Shoulder Strength of Females While Sitting and Standing as a Function of Hand Location and Force Direction

This study evaluated single-handed isometric push strength capabilities of females working at or above-shoulder level. We examined the influence of force exertion direction (vertical, horizontal and lateral), angle of shoulder flexion from horizontal (0 degrees, 30 degrees, 60 degrees and 90 degrees) and gross body posture (standing and sitting), on maximal volitional shoulder strength. Force exertion direction had the greatest affect on shoulder strength (p<0.0001). Strength was greatest in the vertical axis pushing downwards and weakest in the horizontal plane pushing forwards. Angle influenced shoulder strength when considered together with direction (p<0.0001). However, these effects were dominated by direction results. Marginal differences in strength existed between sitting and standing (p>0.05). These results can be used to design workspaces that consider individual strength limitations and their dependence on force direction, work orientation, and gross body posture.

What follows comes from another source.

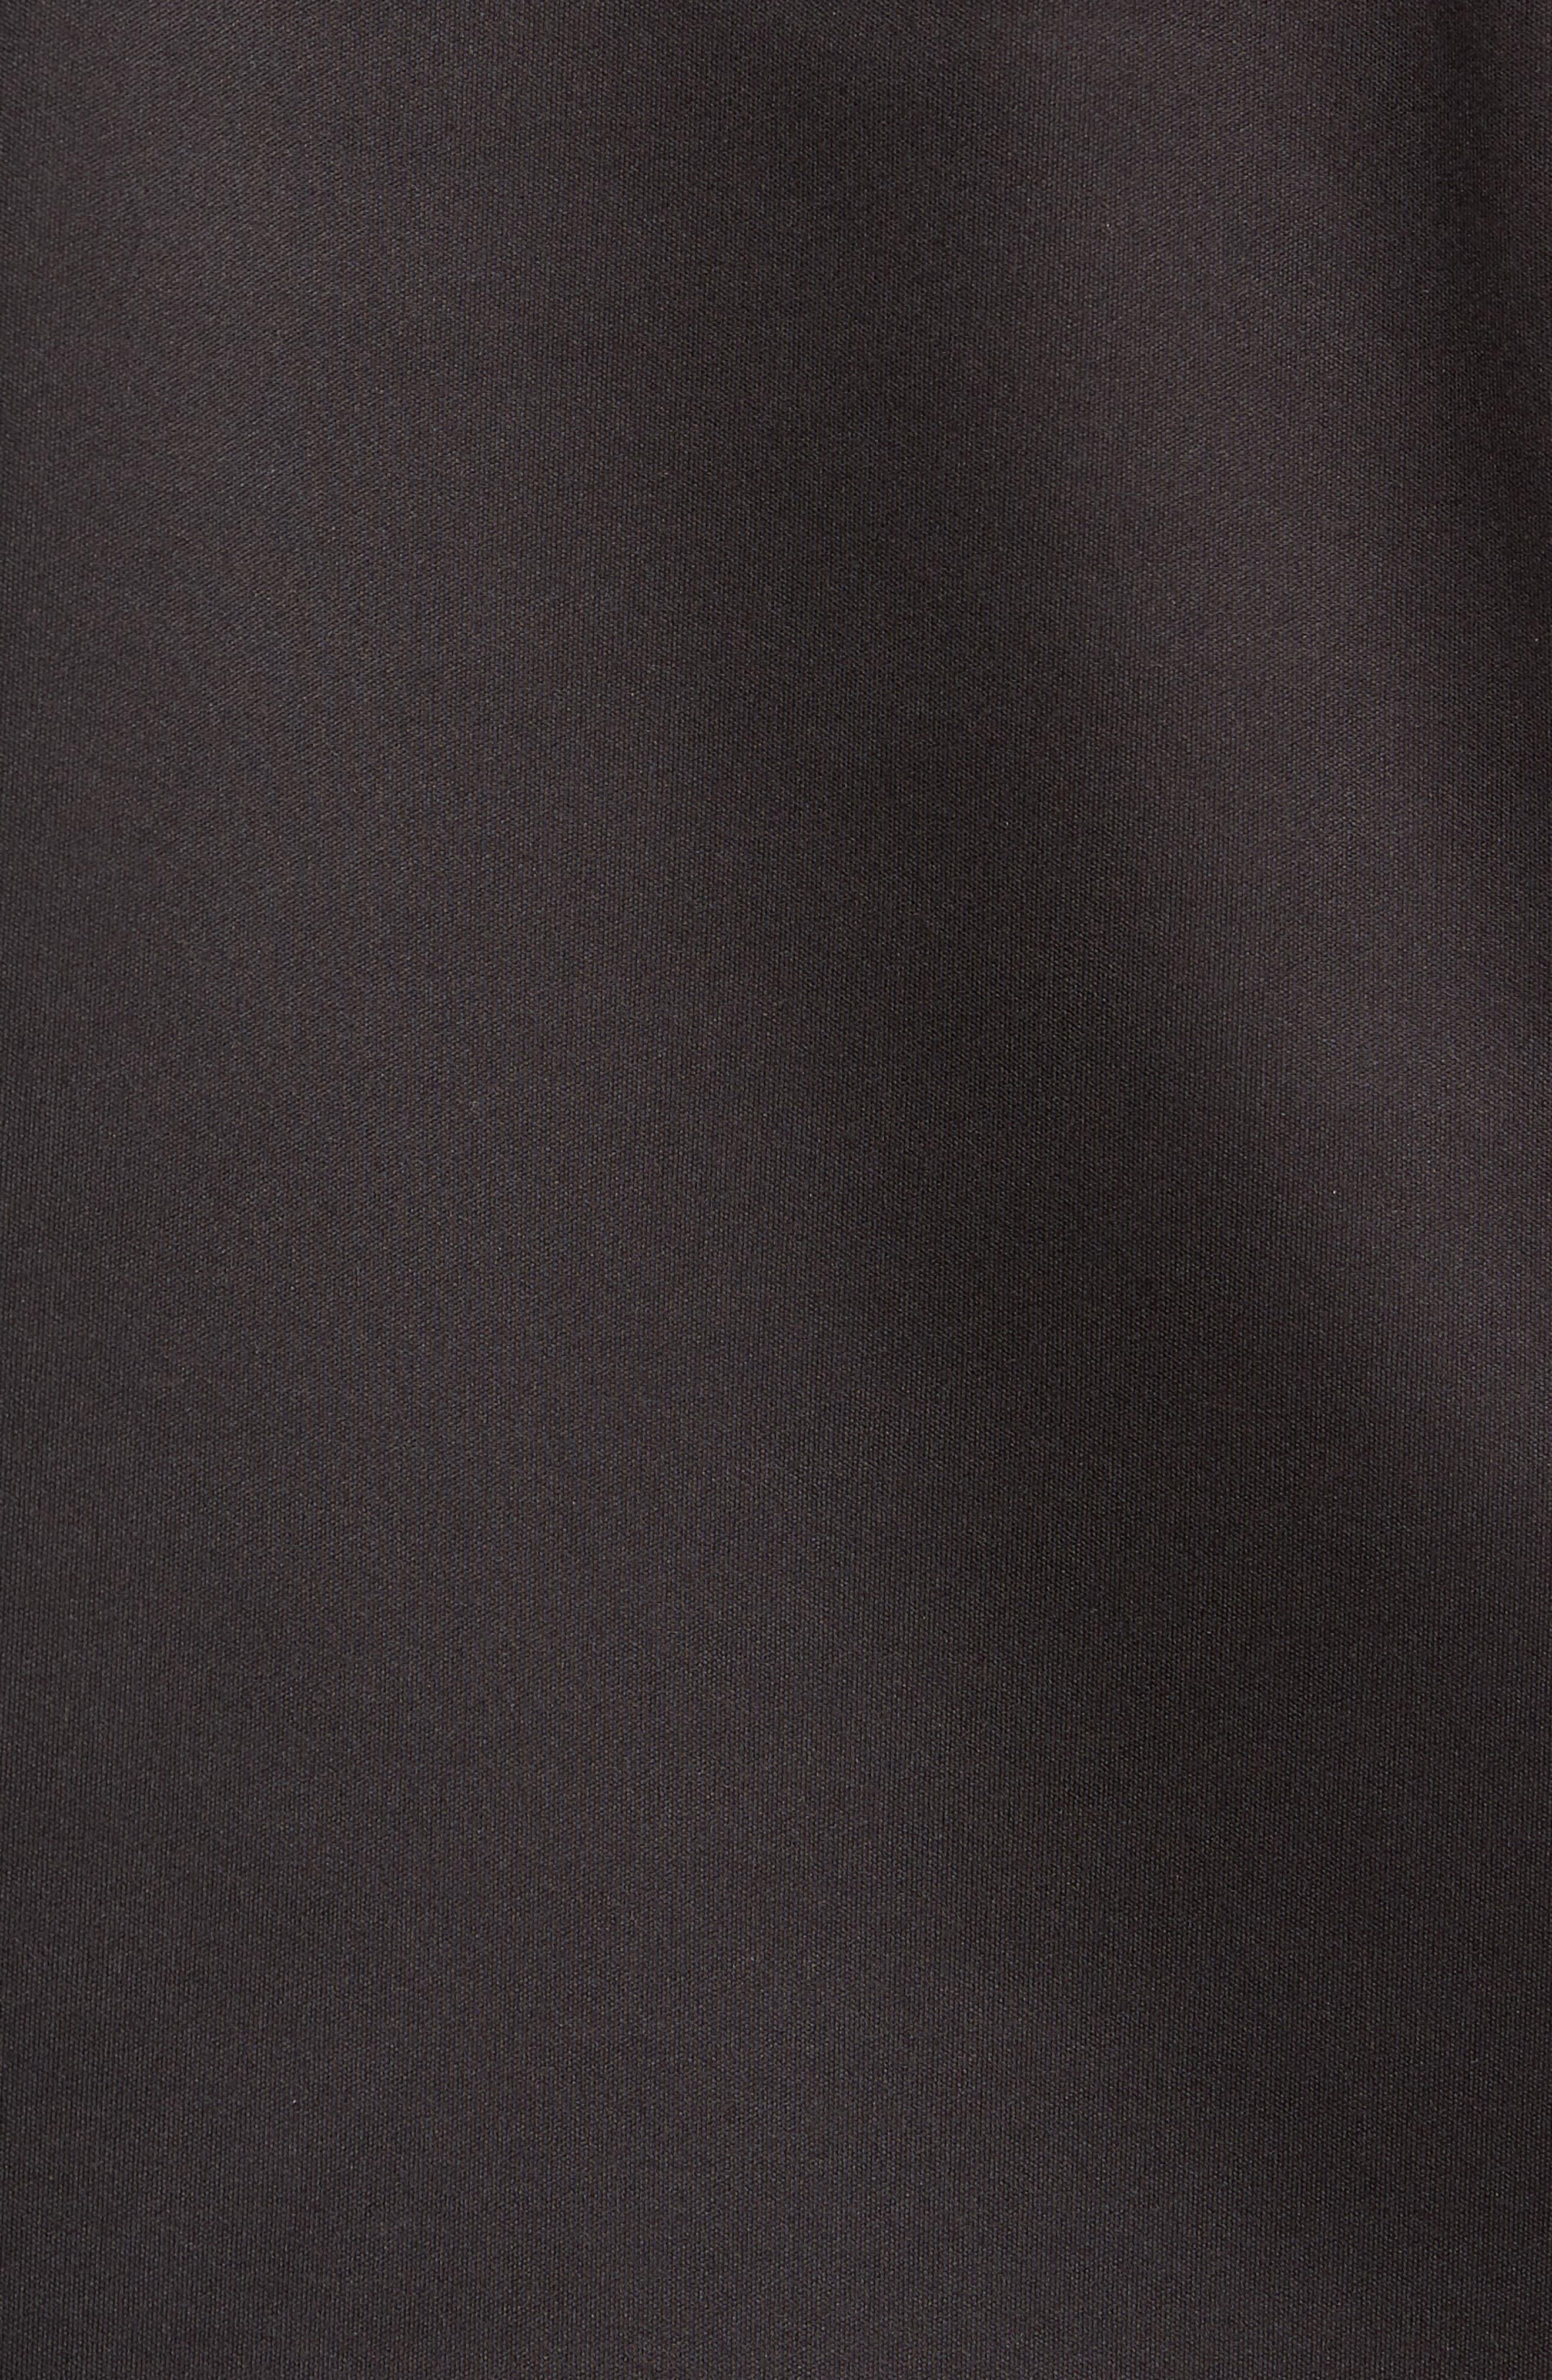 Apex Risor Jacket,                             Alternate thumbnail 6, color,                             TNF BLACK/ TNF BLACK

The impact of work configuration, target angle and hand force direction on upper extremity muscle activity during sub-maximal overhead work

Overhead work has established links to upper extremity discomfort and disorders. As many jobs incorporate working overhead, this study aimed to identify working conditions requiring relatively lower muscular shoulder load. Eleven upper extremity muscles were monitored with electromyography during laboratory simulations of overhead work tasks. Tasks were defined with three criteria: work configuration (fixed, stature-specific); target angle (−15°, 0°, 15°, 30° from vertical); direction of applied hand force (pulling backwards, pushing forwards, downwards, sideways, upwards). Normalised electromyographic activity was greater for fixed configurations, particularly when pulling in a backward direction (total activity = 108.3% maximum voluntary exertion (MVE)) compared to pushing down or forward (total activity ranging from 10.5 to 17.3%MVE). Further, pulling backwards at angles of –15° and 0° showed the highest muscular demand (p < 0.05). These results suggest that, if possible, positioning overhead work in front of the body with exertions directed forwards will result in the lowest upper extremity muscle demand. Statement of Relevance: Overhead work pervades occupational settings and is associated with risk of upper extremity musculoskeletal disorders. The muscular intensity associated with performing overhead work was assessed in several combinations of work placement and hand force direction. These findings should have utility for designing overhead work tasks that reduce muscular exposure.